> **Requirement**
Skip the images and return the records below exactly.

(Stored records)
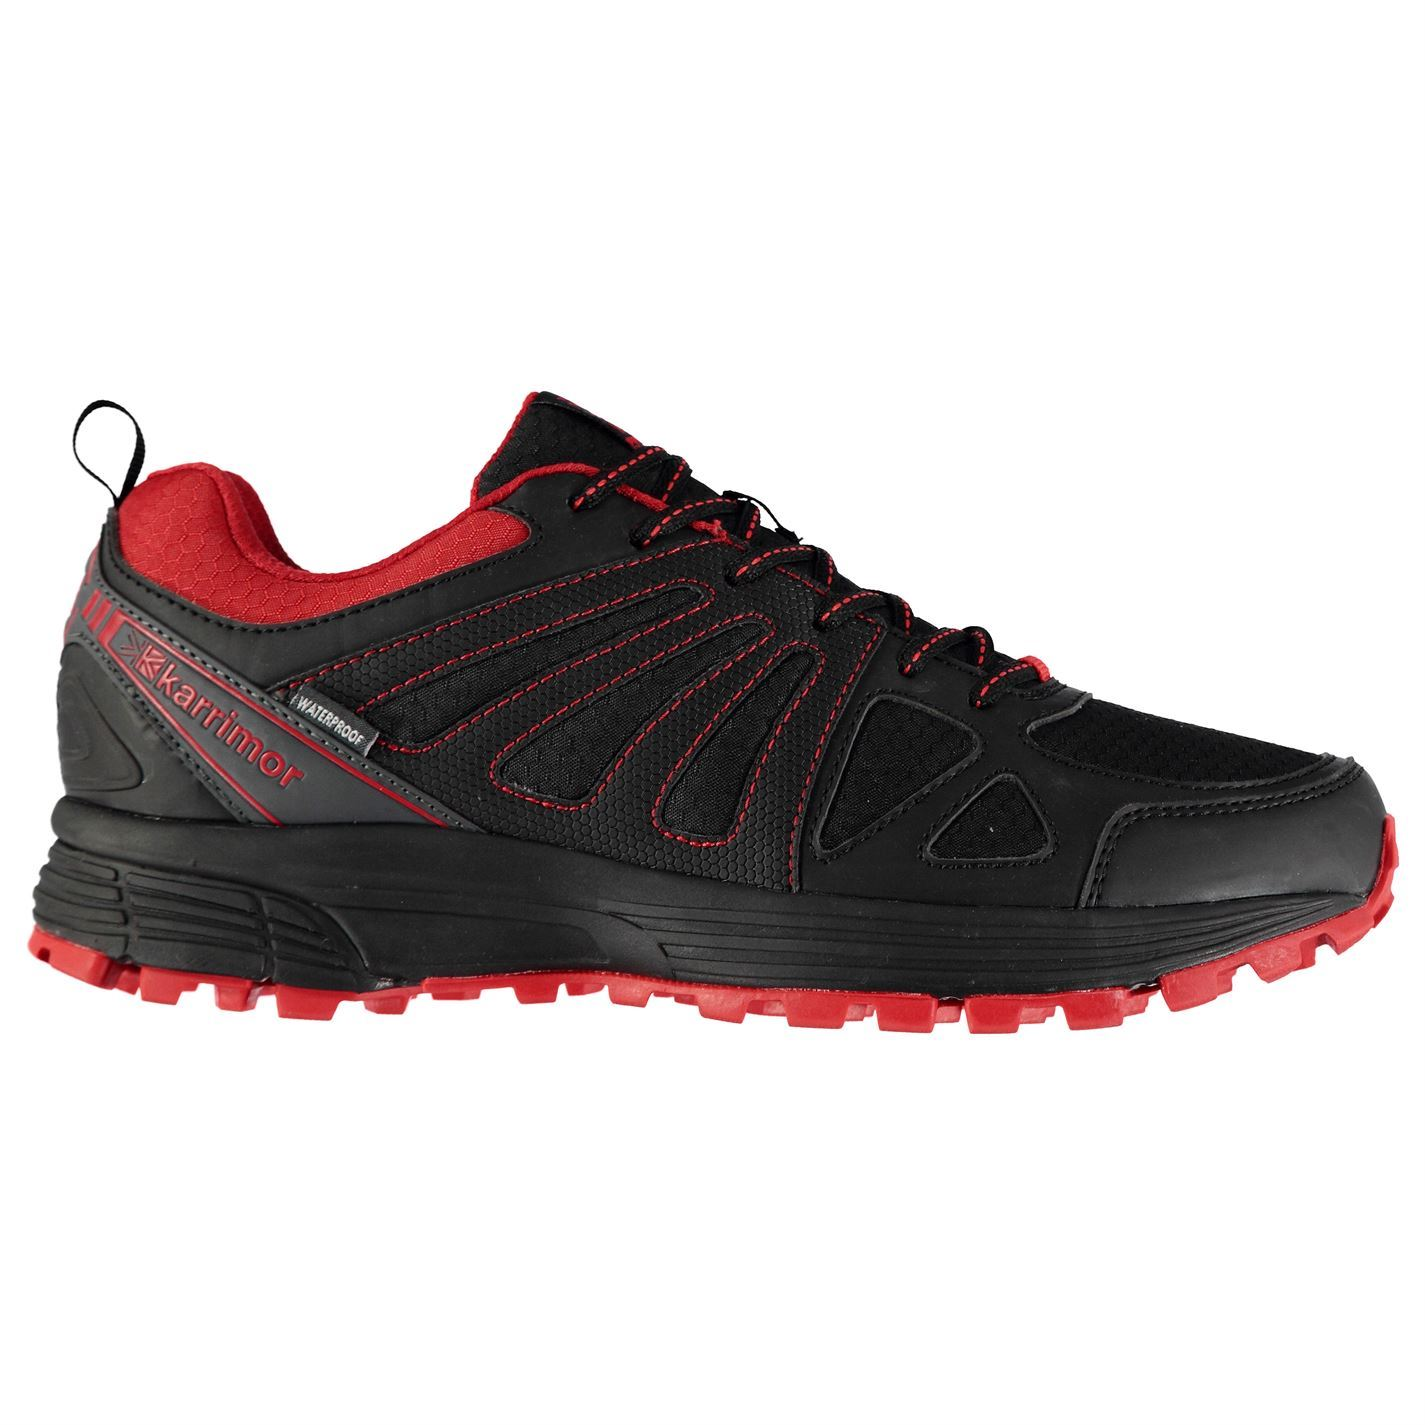 Karrimor X Trail Mens Running Shoes
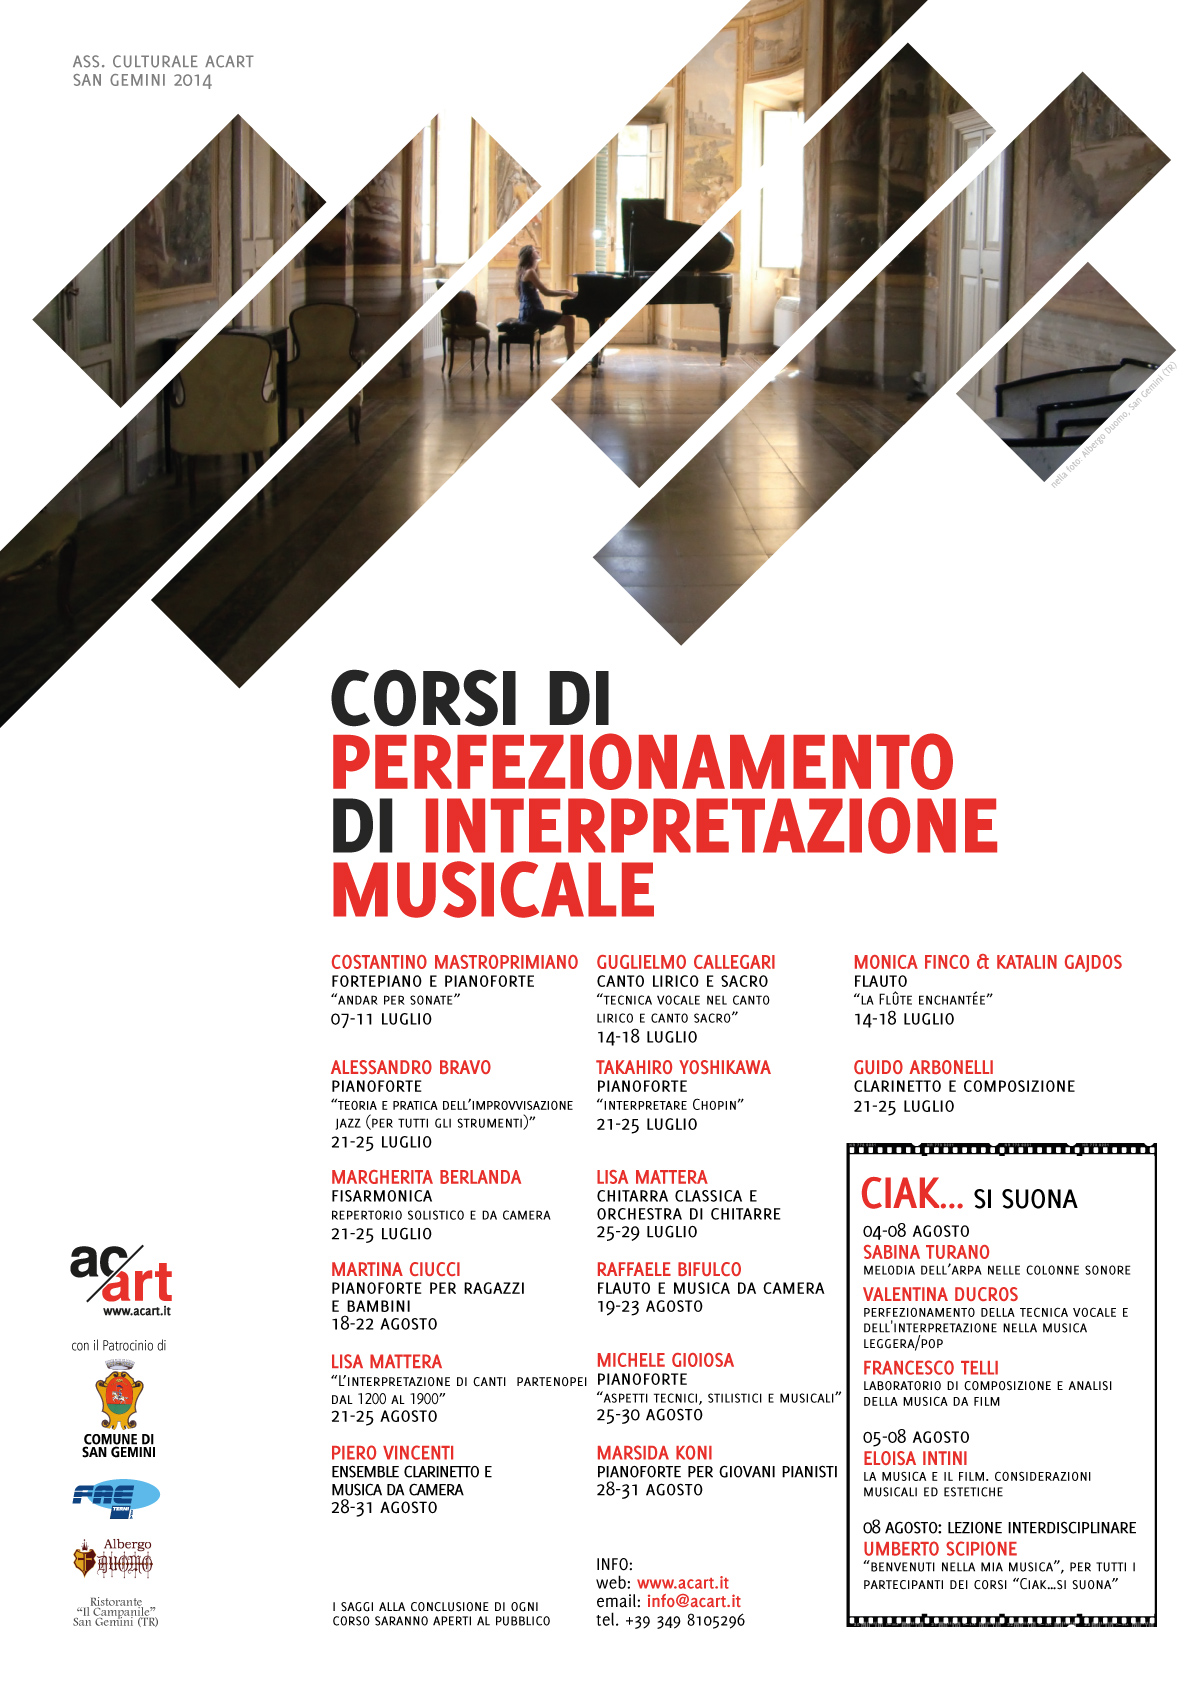 021C_2014_AcArt_manifesto_corsi_2014_WEB
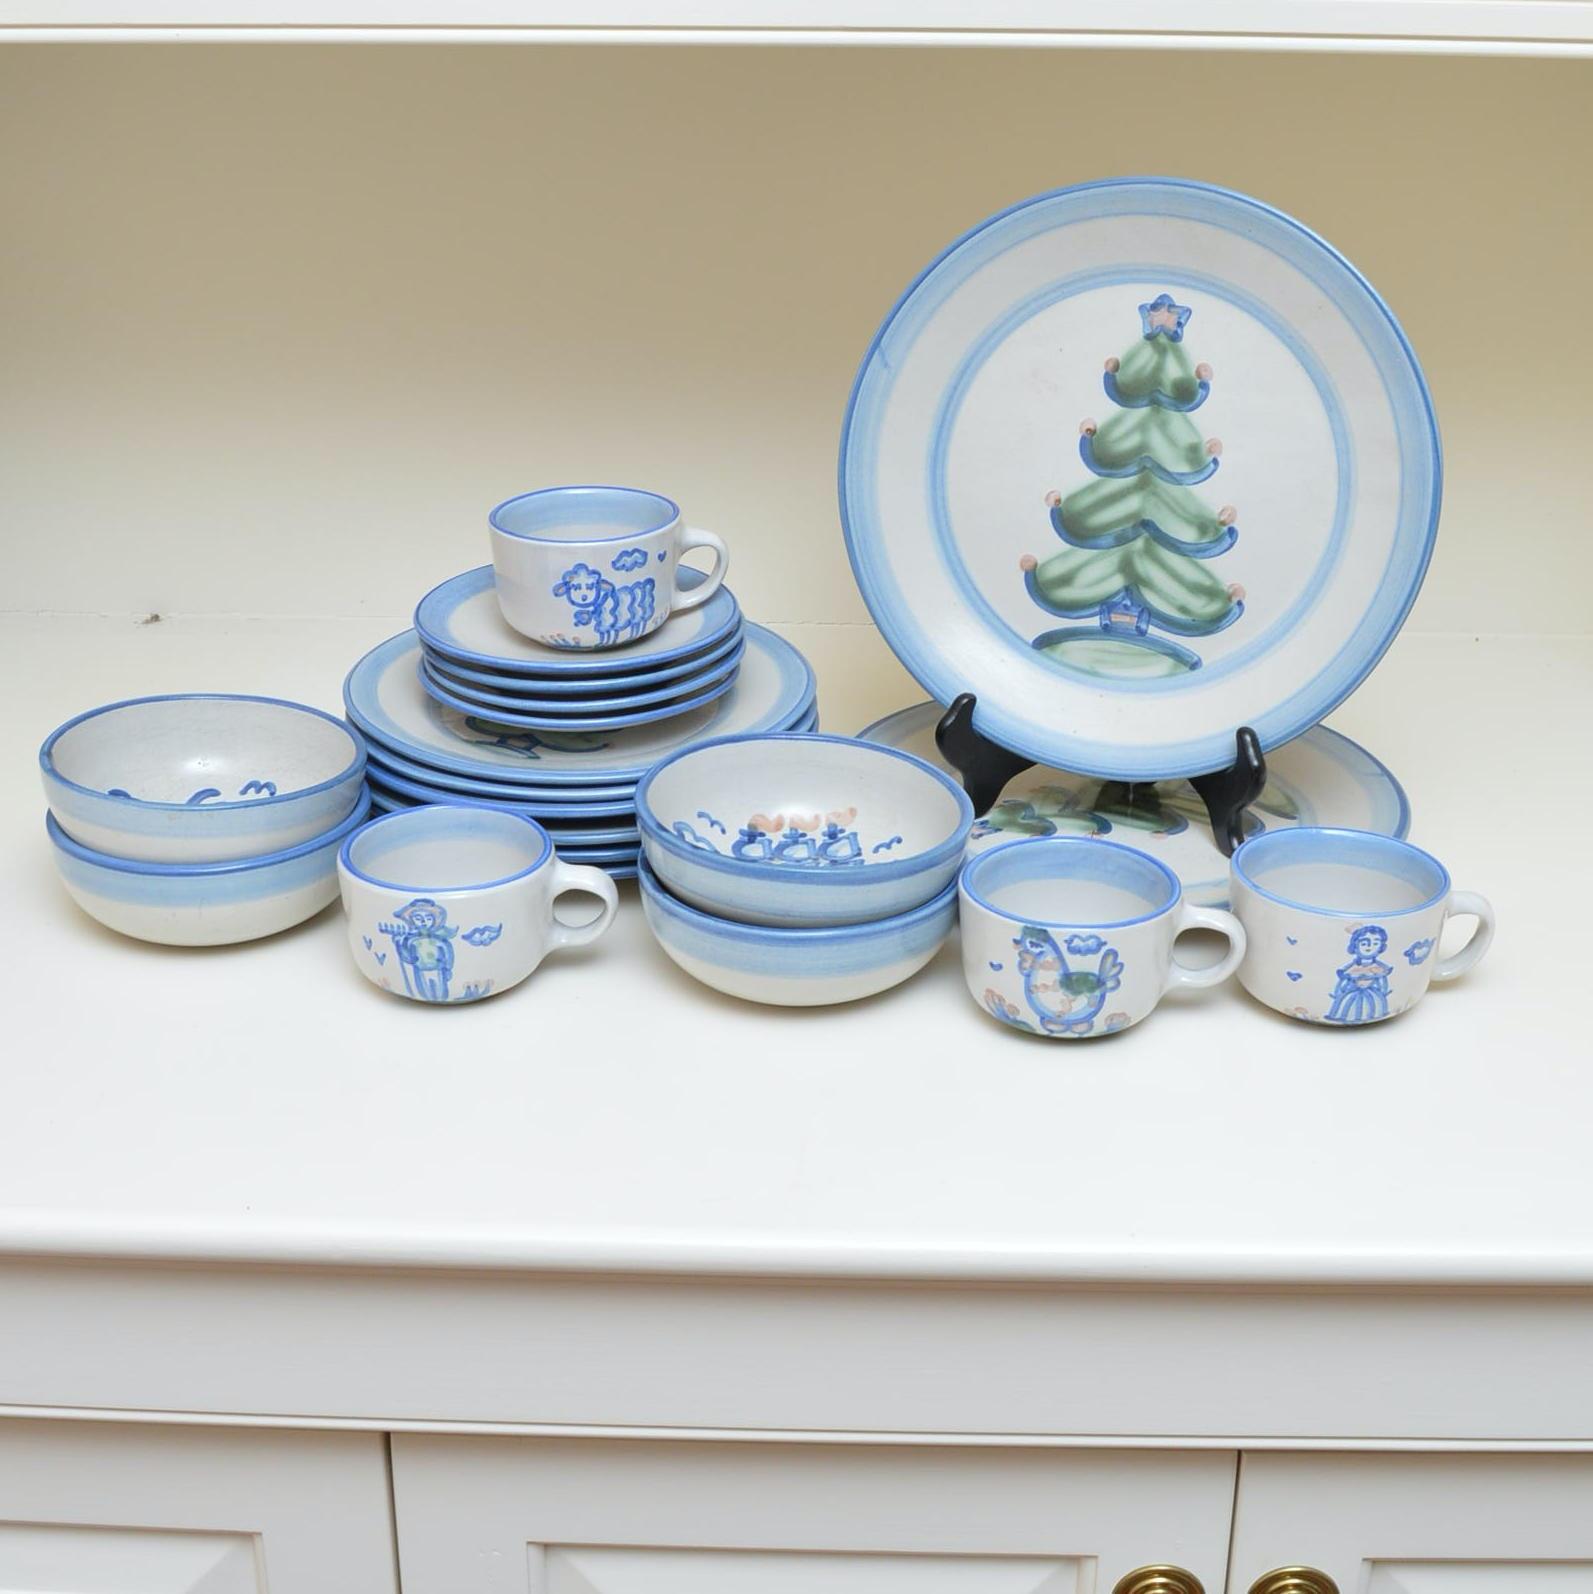 M.A. Hadley Pottery Tableware
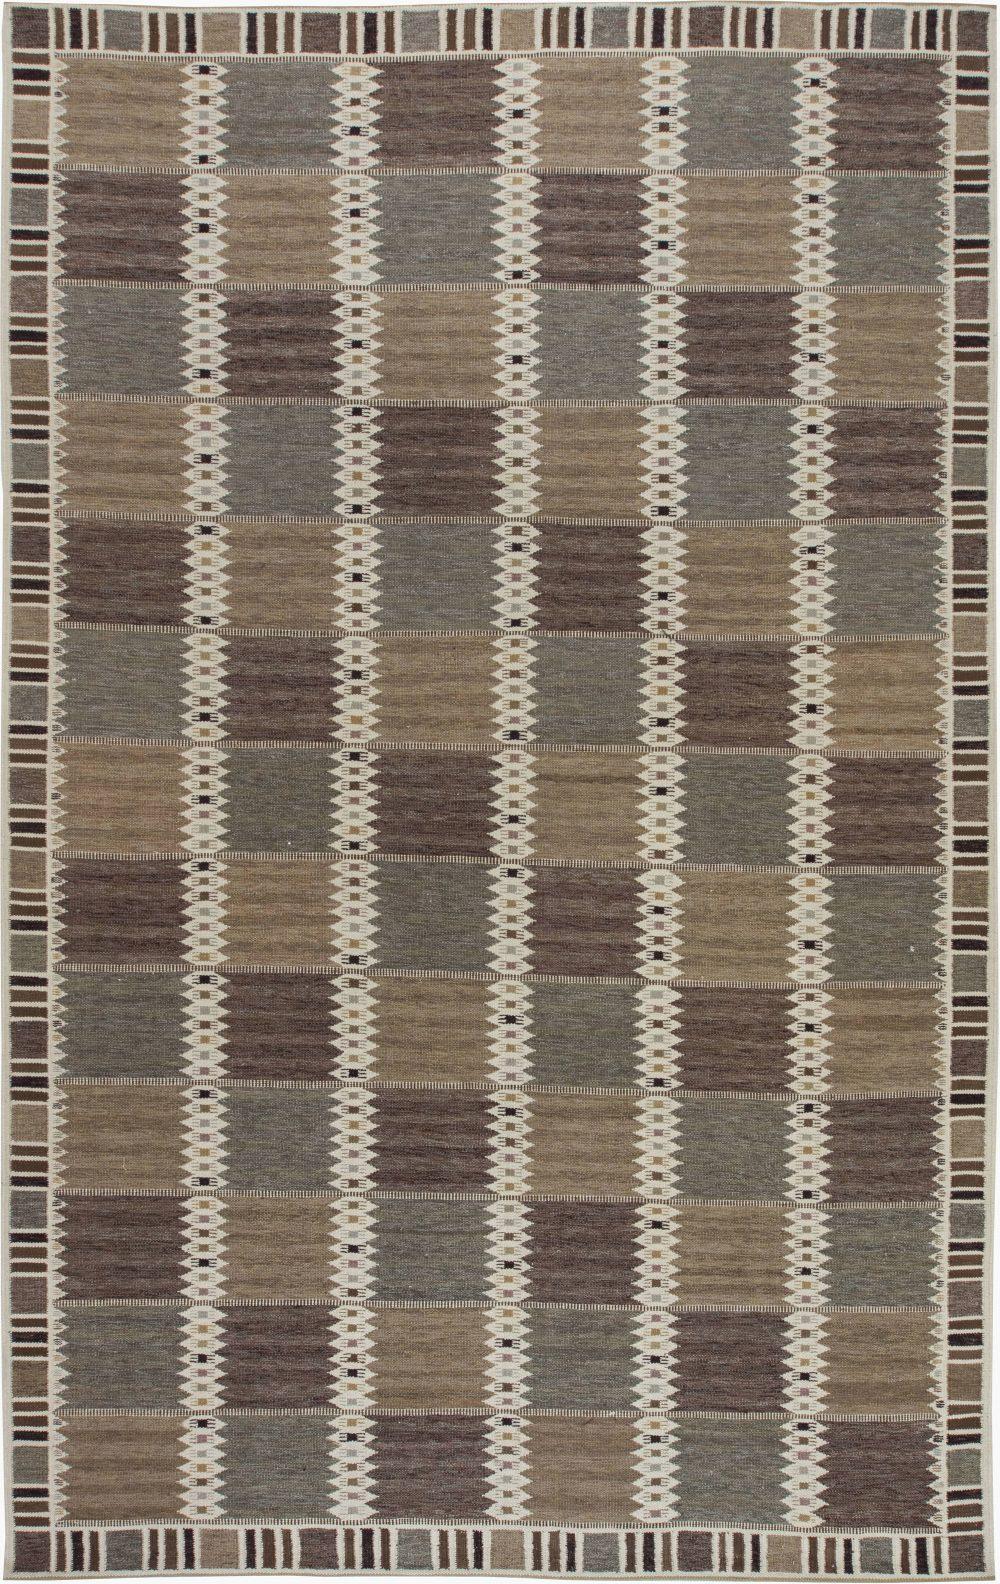 Swedish Design Flat Weave Rug N11581
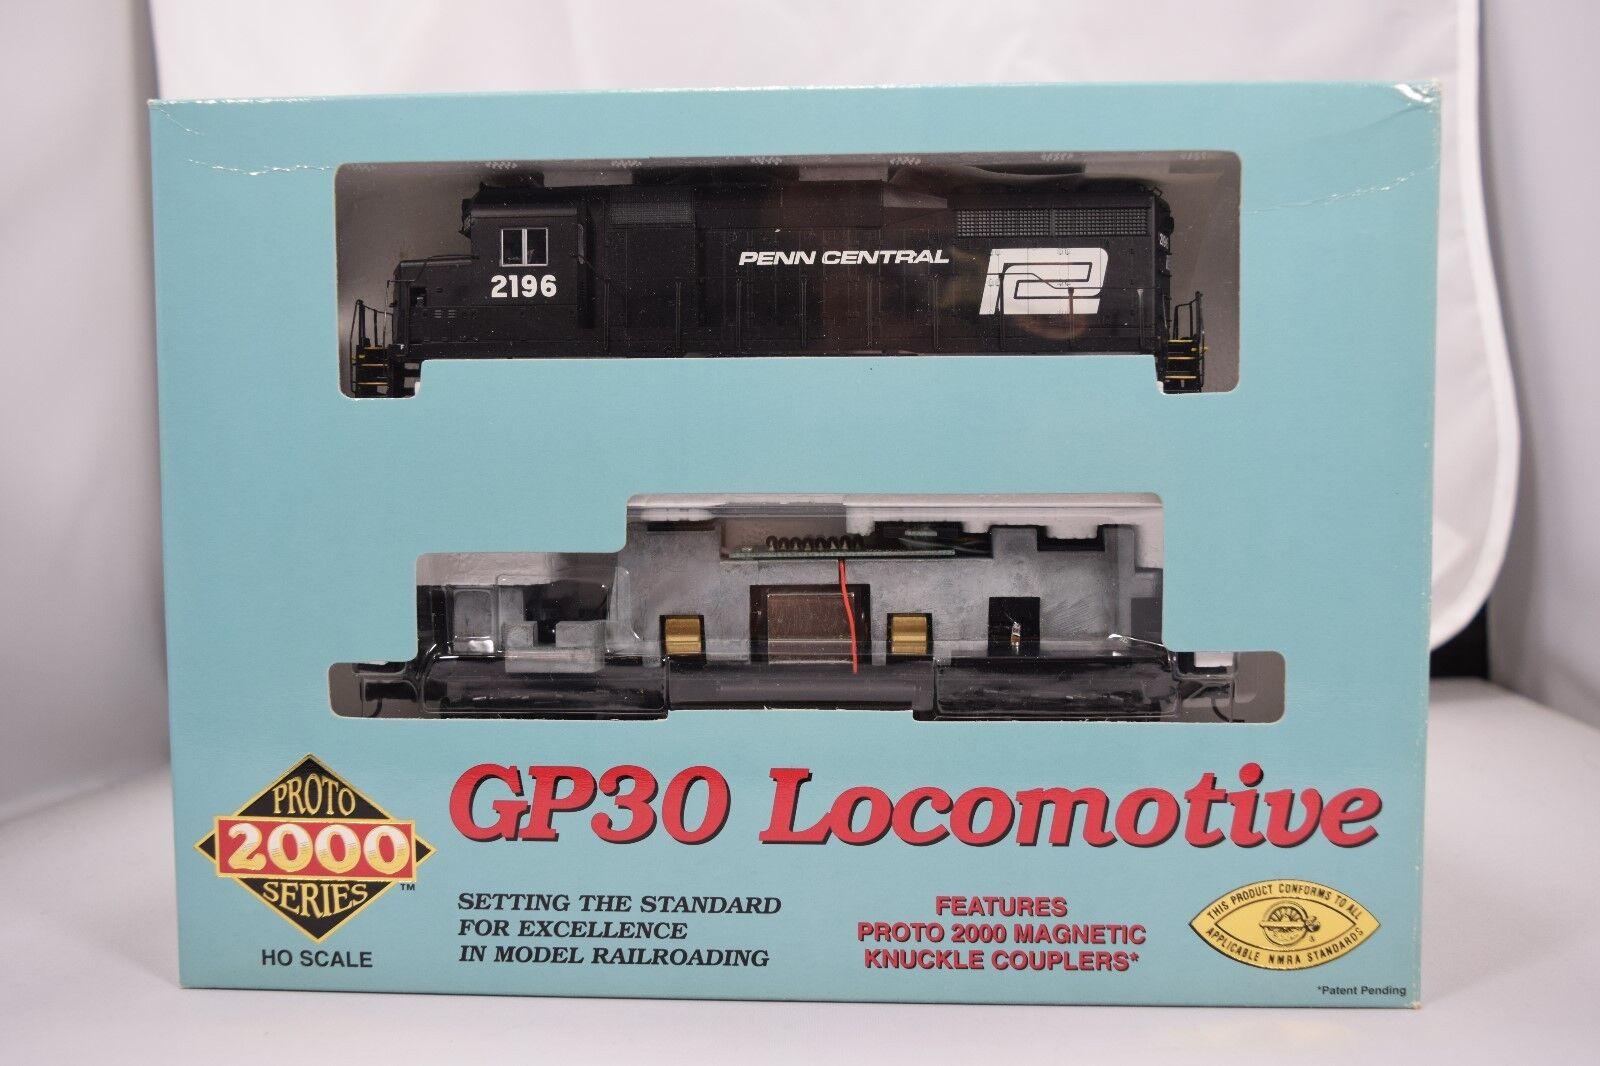 Life-like lokomotive proto - 2000 gp-30 pc   2196 neuve + 4 essieux chang  s neufs

> **Response area**
 Karrimor X Trail Mens Running Shoes
 021C_2014_AcArt_manifesto_corsi_2014_WEB
 M.A. Hadley Pottery Tableware
 Swedish Design Flat Weave Rug N11581
 Life-like lokomotive proto - 2000 gp-30 pc   2196 neuve + 4 essieux chang  s neufs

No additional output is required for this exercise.